Sterin figures Celanese can make ethanol for a cash cost of only $1.50 a gallon. Capital costs, starting with $200 million for the two new plants, will add some 25 cents a gallon. While the diluted ethanol that’s blended into gasoline sells for $2.30 a gallon today, the concentrated industrial ethanol that Celanese will make goes for closer to $3. That paves the way for big profits selling to makers of paints, pharmaceuticals and textiles, says Hassan Ahmed, analyst with Alembic Global Advisors. He expects Celanese to be making 300 million gallons a year by 2016, building a $1 billion business with net income of $250 million. Last year, it earned $600 million on $6.8 billion in revenues.

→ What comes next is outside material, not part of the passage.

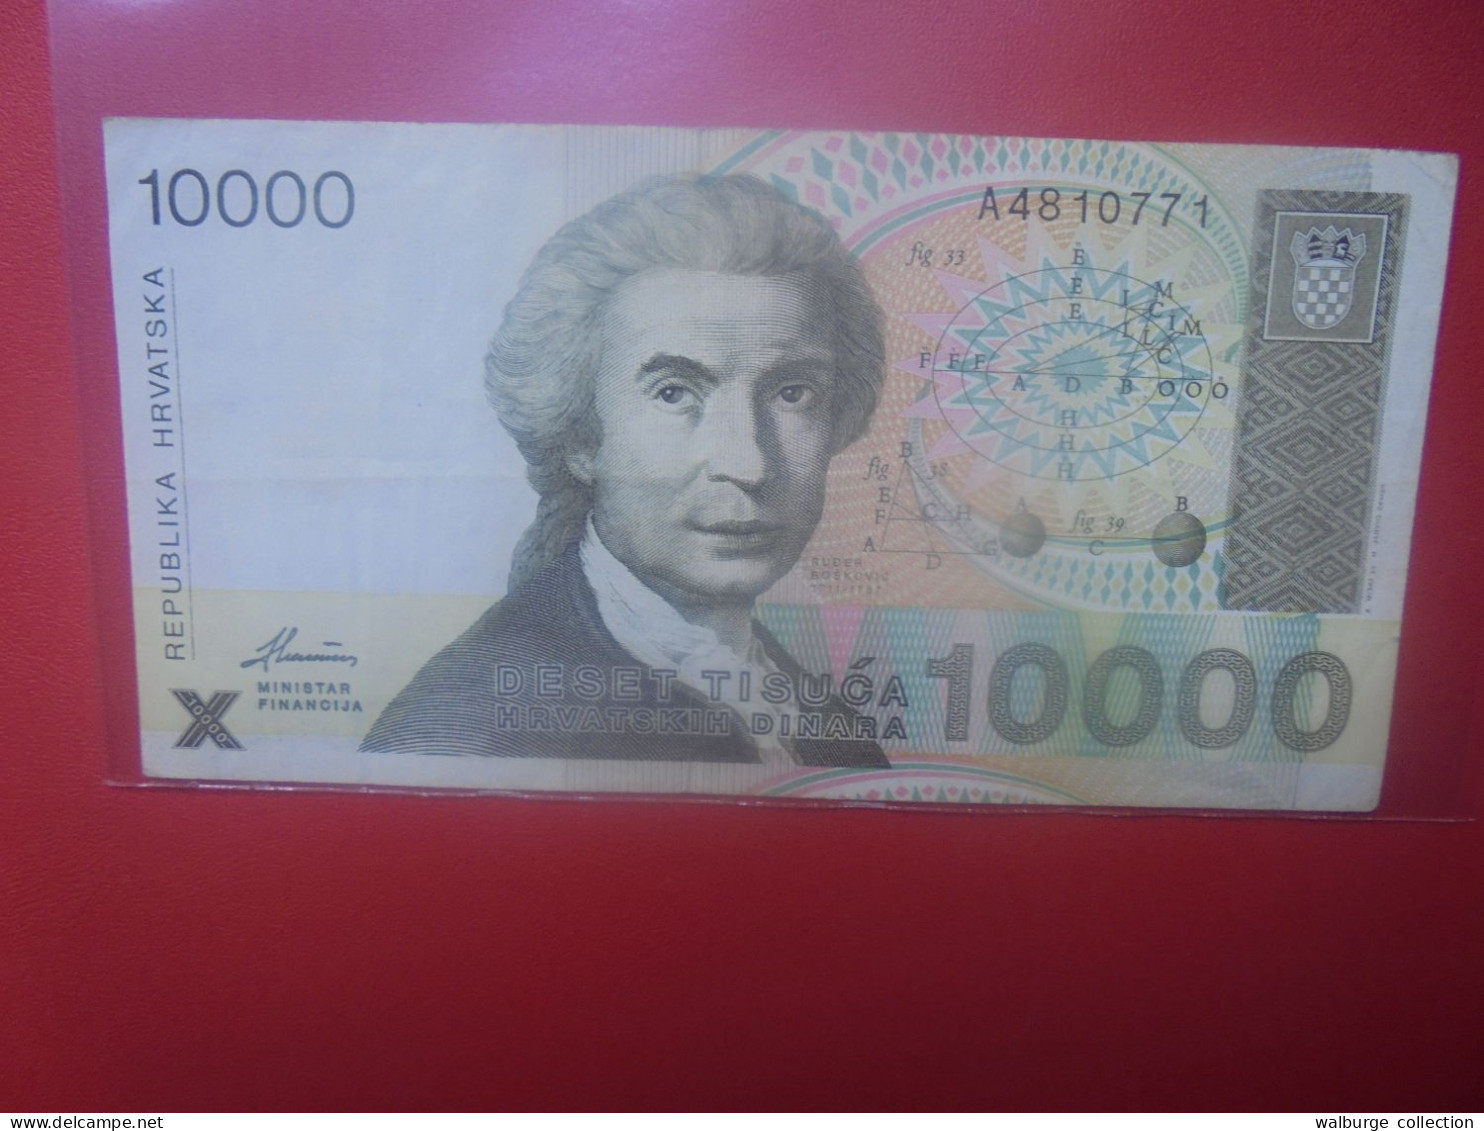 CROATIE 10.000 DINARA 1992 Circuler (B.33) - Kroatië

What if Washington doesn’t get aboard? No matter, says Sterin. China sees ethanol as a vital fuel, but with so many mouths to feed it can’t waste farmland growing it. Celanese initially planned to build a 60-million-gallon-per-year ethanol addition at its Nanjing complex, but when Beijing issued final permits in March it was for an 80-million-gallon plant. (The Texas plant, in contrast, will do fewer than 6 million gallons.) Even so, he’s hoping politicians will at least give Celanese a shot at competing in America. “We don’t need subsidies,” says Sterin. “We’re ready to go.”